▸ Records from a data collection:
----
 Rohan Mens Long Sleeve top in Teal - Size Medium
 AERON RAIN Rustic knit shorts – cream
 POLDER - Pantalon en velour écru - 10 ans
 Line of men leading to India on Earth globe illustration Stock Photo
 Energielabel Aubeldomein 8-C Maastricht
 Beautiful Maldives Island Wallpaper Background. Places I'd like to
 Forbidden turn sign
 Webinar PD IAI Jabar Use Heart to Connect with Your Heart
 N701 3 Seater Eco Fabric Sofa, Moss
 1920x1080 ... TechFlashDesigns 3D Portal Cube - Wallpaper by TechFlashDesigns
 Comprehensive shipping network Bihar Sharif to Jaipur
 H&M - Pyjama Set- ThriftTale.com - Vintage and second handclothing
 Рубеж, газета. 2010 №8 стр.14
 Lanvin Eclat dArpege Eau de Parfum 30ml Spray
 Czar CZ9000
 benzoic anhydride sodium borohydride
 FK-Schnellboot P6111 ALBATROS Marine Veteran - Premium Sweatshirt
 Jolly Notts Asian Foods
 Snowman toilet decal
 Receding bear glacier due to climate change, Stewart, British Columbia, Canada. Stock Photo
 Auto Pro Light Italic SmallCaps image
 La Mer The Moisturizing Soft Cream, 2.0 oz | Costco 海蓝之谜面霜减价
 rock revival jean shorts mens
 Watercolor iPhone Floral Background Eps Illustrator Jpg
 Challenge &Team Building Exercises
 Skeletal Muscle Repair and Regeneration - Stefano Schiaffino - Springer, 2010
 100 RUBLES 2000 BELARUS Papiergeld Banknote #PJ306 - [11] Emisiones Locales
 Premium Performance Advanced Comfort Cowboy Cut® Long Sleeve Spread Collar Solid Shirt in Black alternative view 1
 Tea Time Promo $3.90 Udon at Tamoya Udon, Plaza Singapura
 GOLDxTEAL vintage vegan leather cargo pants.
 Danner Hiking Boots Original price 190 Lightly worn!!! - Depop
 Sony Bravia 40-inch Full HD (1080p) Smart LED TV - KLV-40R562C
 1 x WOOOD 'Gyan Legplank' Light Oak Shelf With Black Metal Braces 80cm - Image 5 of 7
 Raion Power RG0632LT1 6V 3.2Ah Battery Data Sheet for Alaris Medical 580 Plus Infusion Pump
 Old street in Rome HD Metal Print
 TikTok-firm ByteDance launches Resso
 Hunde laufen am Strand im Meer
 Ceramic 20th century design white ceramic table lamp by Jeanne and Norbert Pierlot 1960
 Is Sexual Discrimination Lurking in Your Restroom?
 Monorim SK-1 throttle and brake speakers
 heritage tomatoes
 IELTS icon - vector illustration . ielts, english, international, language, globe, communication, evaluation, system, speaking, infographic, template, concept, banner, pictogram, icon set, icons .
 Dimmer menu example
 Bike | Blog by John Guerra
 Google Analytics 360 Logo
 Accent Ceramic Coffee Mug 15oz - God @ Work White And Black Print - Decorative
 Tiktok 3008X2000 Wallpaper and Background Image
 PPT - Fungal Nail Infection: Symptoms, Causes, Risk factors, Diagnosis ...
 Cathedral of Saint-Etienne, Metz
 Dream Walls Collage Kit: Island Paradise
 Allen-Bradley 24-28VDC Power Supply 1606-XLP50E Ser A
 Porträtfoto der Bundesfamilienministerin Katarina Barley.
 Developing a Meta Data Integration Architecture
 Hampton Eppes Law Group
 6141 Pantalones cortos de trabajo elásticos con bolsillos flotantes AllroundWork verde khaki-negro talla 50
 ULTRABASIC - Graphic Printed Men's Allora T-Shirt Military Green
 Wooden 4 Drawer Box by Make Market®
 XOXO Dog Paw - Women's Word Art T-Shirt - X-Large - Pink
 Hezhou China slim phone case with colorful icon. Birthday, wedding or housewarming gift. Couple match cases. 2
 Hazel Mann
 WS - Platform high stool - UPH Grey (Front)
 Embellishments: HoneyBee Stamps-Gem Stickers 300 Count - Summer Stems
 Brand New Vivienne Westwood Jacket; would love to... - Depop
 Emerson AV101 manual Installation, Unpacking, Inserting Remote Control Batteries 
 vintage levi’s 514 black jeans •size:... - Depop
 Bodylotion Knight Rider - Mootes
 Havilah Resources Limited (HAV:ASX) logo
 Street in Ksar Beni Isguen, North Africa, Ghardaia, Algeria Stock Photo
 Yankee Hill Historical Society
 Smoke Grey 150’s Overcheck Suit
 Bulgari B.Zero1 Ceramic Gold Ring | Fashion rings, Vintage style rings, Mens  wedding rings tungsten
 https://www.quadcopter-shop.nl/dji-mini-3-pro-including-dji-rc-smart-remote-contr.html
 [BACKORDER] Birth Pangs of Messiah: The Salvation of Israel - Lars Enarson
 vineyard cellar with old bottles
----
▸ What is being asked: Beginning at the line with "100 RUBLES 2000" and ending at the line with "Raion Power RG0632LT1", reproduce each line of the data above exactly, and add no other lines.

▸ Exercise answer:
 100 RUBLES 2000 BELARUS Papiergeld Banknote #PJ306 - [11] Emisiones Locales
 Premium Performance Advanced Comfort Cowboy Cut® Long Sleeve Spread Collar Solid Shirt in Black alternative view 1
 Tea Time Promo $3.90 Udon at Tamoya Udon, Plaza Singapura
 GOLDxTEAL vintage vegan leather cargo pants.
 Danner Hiking Boots Original price 190 Lightly worn!!! - Depop
 Sony Bravia 40-inch Full HD (1080p) Smart LED TV - KLV-40R562C
 1 x WOOOD 'Gyan Legplank' Light Oak Shelf With Black Metal Braces 80cm - Image 5 of 7
 Raion Power RG0632LT1 6V 3.2Ah Battery Data Sheet for Alaris Medical 580 Plus Infusion Pump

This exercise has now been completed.